MATERIAL SUPPLIED:

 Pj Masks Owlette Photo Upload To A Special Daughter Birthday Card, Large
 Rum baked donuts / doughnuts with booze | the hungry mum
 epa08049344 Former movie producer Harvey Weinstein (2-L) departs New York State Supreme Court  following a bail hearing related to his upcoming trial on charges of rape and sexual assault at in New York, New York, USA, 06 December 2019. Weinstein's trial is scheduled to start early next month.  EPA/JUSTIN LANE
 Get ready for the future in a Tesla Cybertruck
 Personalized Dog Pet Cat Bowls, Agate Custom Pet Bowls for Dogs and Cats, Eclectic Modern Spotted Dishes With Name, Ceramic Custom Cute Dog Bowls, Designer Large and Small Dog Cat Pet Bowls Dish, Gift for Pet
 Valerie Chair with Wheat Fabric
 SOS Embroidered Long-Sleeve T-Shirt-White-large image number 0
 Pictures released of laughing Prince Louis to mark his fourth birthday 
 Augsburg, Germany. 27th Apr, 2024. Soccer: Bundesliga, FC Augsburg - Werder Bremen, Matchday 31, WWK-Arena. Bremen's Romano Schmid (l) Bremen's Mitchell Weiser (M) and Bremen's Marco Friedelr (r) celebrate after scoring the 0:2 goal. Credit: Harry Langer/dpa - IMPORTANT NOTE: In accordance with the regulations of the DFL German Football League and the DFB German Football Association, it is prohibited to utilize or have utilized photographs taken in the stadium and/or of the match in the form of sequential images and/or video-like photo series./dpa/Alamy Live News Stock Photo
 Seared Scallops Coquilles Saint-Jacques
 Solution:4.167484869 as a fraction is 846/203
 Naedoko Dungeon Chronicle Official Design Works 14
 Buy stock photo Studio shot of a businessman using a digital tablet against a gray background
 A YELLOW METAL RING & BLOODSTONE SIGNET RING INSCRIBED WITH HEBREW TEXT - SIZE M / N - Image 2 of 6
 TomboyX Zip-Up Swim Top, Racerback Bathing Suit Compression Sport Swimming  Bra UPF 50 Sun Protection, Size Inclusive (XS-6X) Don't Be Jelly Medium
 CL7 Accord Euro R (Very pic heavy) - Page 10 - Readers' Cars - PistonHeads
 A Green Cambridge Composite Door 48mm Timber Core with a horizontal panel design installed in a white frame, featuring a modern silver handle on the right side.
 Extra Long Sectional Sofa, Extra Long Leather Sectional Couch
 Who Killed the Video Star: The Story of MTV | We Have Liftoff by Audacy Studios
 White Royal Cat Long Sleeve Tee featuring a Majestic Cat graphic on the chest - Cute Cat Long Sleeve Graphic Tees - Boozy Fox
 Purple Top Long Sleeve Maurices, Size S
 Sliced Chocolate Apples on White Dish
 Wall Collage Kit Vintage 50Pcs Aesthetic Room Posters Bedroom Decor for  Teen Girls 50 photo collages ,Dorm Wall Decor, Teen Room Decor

AIM OF THE EXERCISE: From the data above, state how many lines contain the string "featuring", offering no other words.

REPLY TO THE EXERCISE: 2